Eardslie looked at him with barely concealed anger. “You can help what you do about it!” he retorted. “You don’t take your friend’s girl. Would you?” Then he blushed, looking wretched. “I’m sorry, sir. That was rude.” He jerked his chin up. “But Perth keeps asking. We want to be decent to the dead, and we want to be fair. But someone killed him, and they say it had to be one of us. I keep looking at everyone and wondering if it was them.

“I met Rattray along the Backs yesterday evening, and I started remembering quarrels he’d had with Sebastian, and wondering if it could be him. He’s got a hell of a temper.” He blushed. “Then I remembered a quarrel I’d had, and wondered if he was thinking the same thing of me!” His eyes pleaded for some kind of reassurance. “Everybody’s changed! Suddenly I don’t feel as if I really know anyone . . . and even worse than that, in a way, I don’t think anyone trusts me, either. I know who I am and that I didn’t do it, but no one else knows!” He took a deep breath. “The friendships I took for granted aren’t there anymore. It’s done that already!”

“They are still there,” Joseph said firmly. “Get a grip on your imagination, Eardslie. Of course everyone is upset over Sebastian’s death, and frightened. But in a day or two I expect Perth will have it solved, and you’ll all realize that your suspicions were unfounded. One person did something tragic and possibly evil, but the rest of you are just what you were before.” His voice sounded flat and unreal. He did not believe what he was saying himself—how could Eardslie? He deserved better than that, but Joseph did not have anything to give that was both comforting and even remotely honest.

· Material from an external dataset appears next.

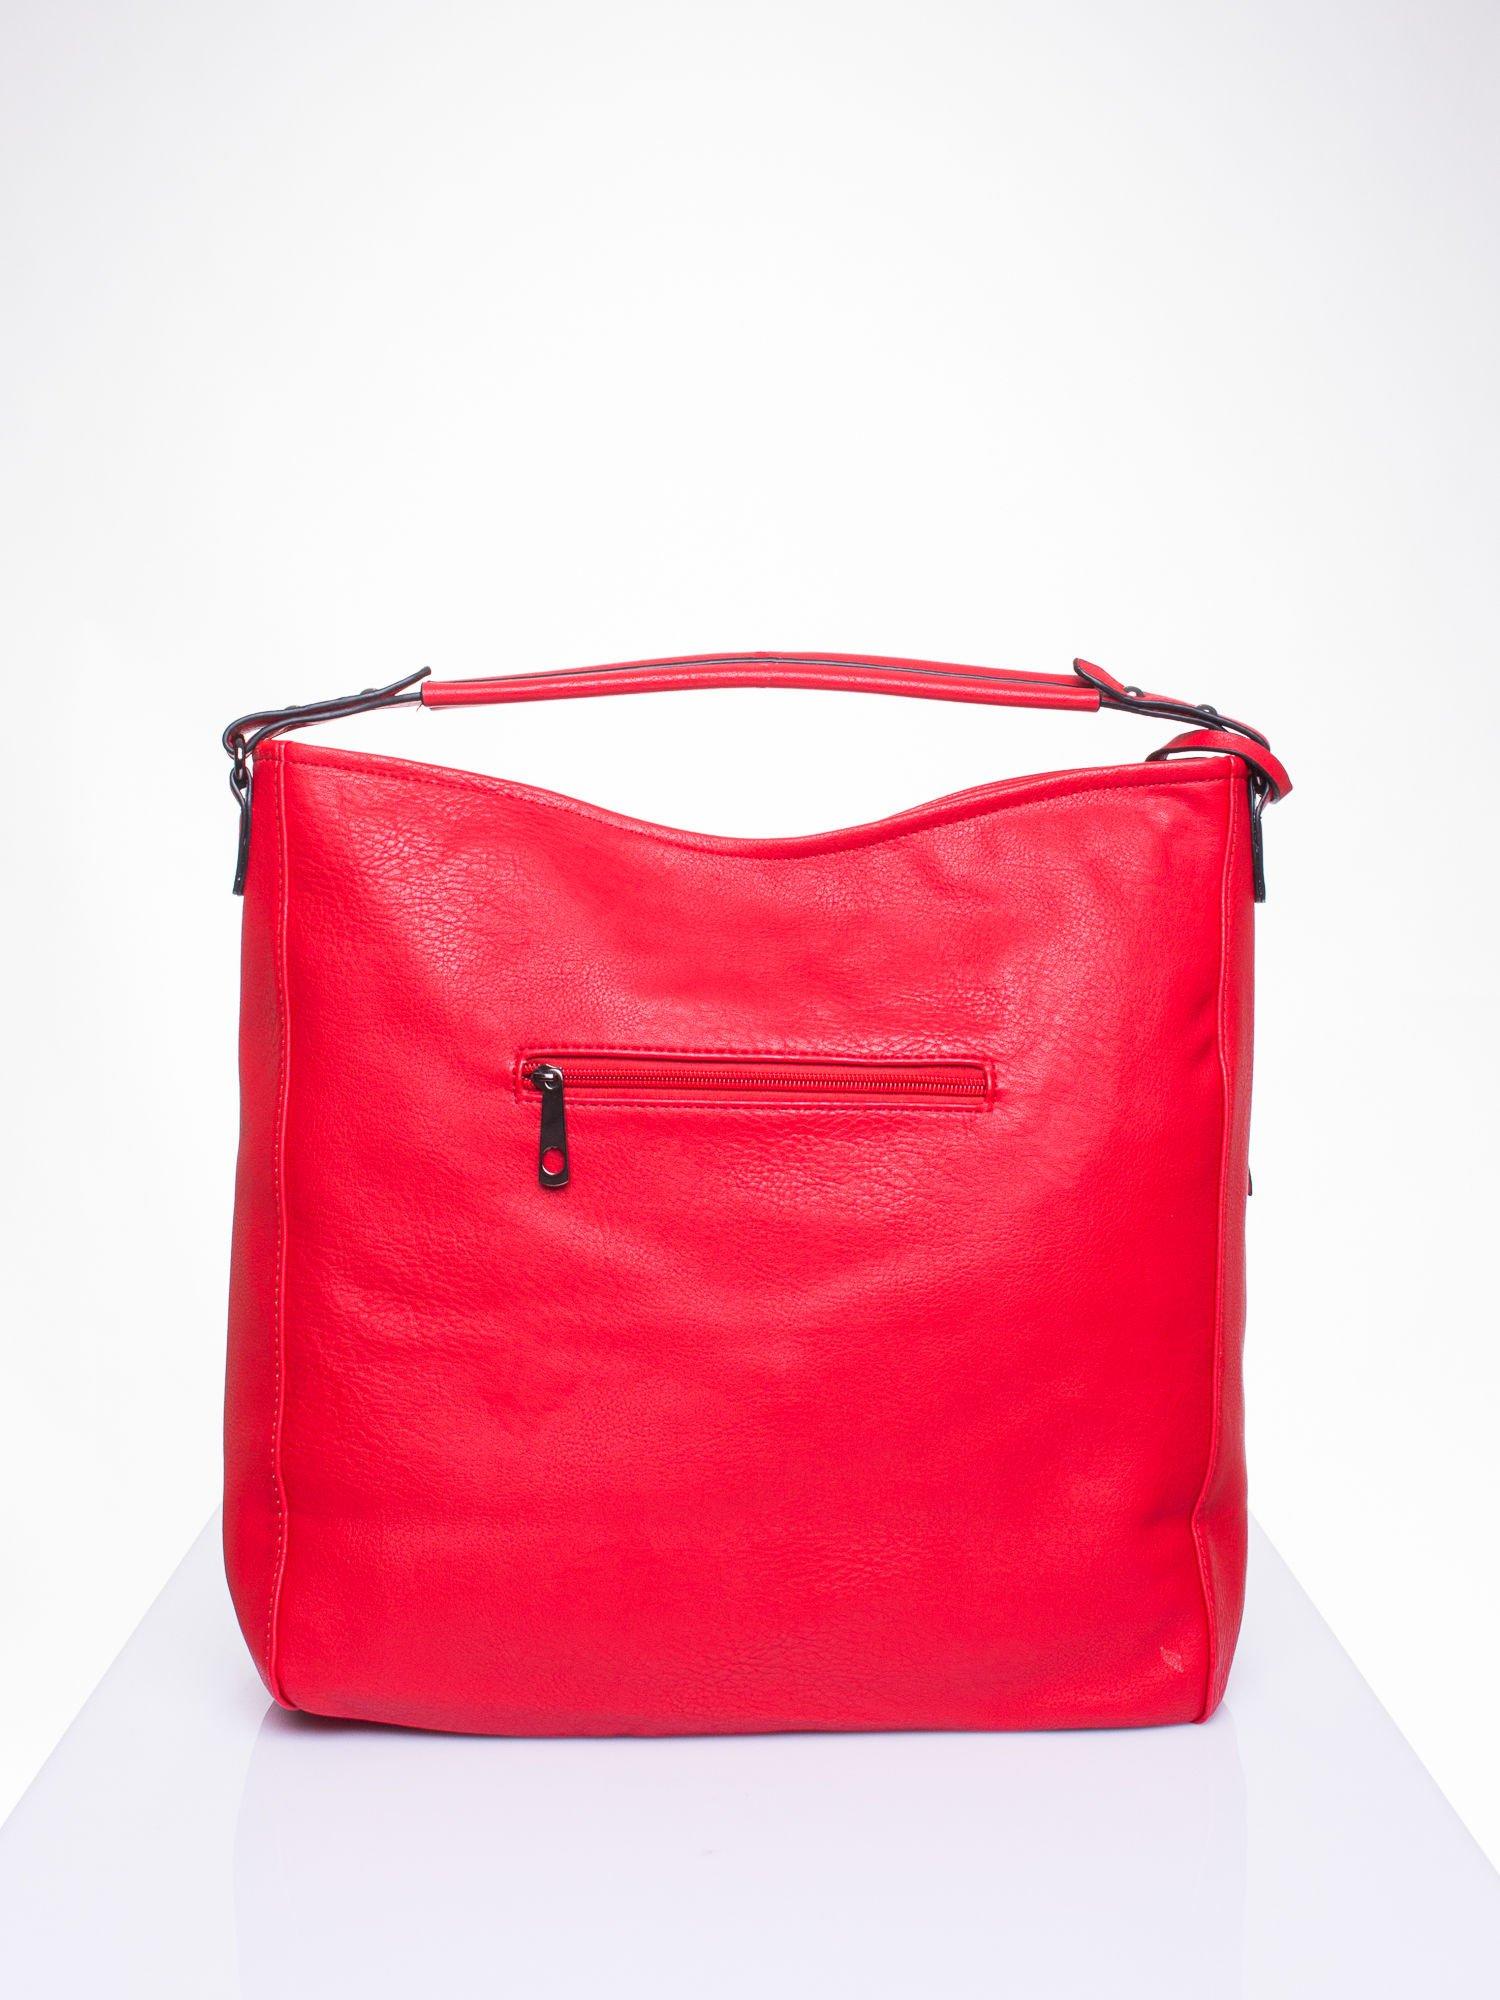 Czerwona torba hobo z suwakami po bokach                                  zdj.                                  3

“Yes, sir,” Eardslie said obediently. “Thank you, sir.” And he turned and walked away, disappearing through the arch into the second quad, leaving Joseph alone.


The following morning Joseph was sitting in his study again, having written to Hannah, which he had found difficult. It was simple enough to begin, but as soon as he tried to say something honest, he saw her face in his mind and he saw the loneliness in her, the bewilderment she tried to hide and failed. She was not accustomed to grief. The gentleness she had for others was rooted in the certainties of her own life; first her parents and Joseph, then Matthew and Judith, younger than she and relying on her, wanting to be like her. Later it had been Archie, and then her own children.

She reminded him so much of Alys, not only in her looks but in her gestures, the tone of her voice, sometimes even the words she used, the colors she liked, the way she peeled an apple or marked the page in a book she was reading with a folded spill of paper.

Hannah and Eleanor had liked each other immediately, as if they had been friends who had simply not seen each other for a while. He remembered how much pleasure that had given him.

Hannah had been the first one to come to him after Eleanor’s death, and she had missed her the most, even though they had lived miles apart. He knew they had written every week, long letters full of thoughts and feelings, trivial details of domestic life, more a matter of affection than of news. Writing to Hannah now was difficult, full of ghosts.

He had finished, more or less satisfactorily, and was trying to compose a letter to Judith when there was a discreet tap on the door.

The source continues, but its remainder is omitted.